DATA EXCERPTS.
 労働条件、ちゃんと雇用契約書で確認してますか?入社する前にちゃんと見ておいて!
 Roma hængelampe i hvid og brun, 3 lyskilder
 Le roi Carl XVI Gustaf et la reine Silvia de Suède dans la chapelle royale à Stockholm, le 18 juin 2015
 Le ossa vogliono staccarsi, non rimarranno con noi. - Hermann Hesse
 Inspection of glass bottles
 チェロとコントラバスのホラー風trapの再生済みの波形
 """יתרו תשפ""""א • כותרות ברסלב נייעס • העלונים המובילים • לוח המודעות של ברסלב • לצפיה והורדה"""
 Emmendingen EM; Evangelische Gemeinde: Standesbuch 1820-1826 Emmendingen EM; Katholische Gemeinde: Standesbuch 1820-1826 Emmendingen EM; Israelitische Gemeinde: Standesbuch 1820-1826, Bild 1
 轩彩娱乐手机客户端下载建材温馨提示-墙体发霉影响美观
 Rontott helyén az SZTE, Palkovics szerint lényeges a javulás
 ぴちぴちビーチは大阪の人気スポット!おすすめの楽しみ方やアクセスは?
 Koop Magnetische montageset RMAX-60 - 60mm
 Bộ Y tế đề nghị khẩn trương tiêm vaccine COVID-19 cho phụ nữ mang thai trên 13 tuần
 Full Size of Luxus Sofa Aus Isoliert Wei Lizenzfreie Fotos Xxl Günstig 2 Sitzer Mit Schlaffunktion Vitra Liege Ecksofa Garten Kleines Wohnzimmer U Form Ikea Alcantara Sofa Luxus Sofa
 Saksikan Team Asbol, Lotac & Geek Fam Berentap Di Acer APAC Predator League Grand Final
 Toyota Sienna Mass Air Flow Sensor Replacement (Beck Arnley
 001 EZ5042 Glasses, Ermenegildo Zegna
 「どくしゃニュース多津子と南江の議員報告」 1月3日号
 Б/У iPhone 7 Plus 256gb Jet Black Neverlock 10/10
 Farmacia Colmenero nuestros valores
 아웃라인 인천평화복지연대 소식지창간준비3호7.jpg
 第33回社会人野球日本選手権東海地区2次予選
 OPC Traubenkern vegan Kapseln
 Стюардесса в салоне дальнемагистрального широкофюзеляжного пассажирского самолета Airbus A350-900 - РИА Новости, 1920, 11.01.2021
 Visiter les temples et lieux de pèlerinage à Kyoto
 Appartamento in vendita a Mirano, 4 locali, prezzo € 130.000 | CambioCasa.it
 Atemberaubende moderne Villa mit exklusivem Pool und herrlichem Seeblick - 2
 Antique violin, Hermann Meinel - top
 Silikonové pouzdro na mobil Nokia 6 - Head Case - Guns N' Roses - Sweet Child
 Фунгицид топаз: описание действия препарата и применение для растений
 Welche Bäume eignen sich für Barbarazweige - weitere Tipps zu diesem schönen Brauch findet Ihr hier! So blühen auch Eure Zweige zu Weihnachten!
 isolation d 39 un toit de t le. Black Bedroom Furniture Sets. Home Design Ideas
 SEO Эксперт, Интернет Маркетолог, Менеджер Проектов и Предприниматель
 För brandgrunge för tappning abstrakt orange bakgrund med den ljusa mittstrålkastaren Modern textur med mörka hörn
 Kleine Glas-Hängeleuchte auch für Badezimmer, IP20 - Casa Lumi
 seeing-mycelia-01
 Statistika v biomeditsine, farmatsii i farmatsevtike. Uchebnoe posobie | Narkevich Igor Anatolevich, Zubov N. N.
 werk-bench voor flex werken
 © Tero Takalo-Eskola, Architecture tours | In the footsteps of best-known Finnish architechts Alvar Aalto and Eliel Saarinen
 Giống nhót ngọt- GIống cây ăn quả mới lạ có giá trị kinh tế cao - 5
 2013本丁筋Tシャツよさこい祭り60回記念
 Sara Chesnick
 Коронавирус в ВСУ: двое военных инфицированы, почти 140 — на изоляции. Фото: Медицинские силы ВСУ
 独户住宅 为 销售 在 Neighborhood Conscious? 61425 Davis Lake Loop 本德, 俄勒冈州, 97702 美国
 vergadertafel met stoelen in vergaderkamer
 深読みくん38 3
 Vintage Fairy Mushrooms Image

DIRECTIONS FOR THIS TASK. Copy out every line in the records where the word "auch" is found.

SOLVED PROBLEM.
 Welche Bäume eignen sich für Barbarazweige - weitere Tipps zu diesem schönen Brauch findet Ihr hier! So blühen auch Eure Zweige zu Weihnachten!
 Kleine Glas-Hängeleuchte auch für Badezimmer, IP20 - Casa Lumi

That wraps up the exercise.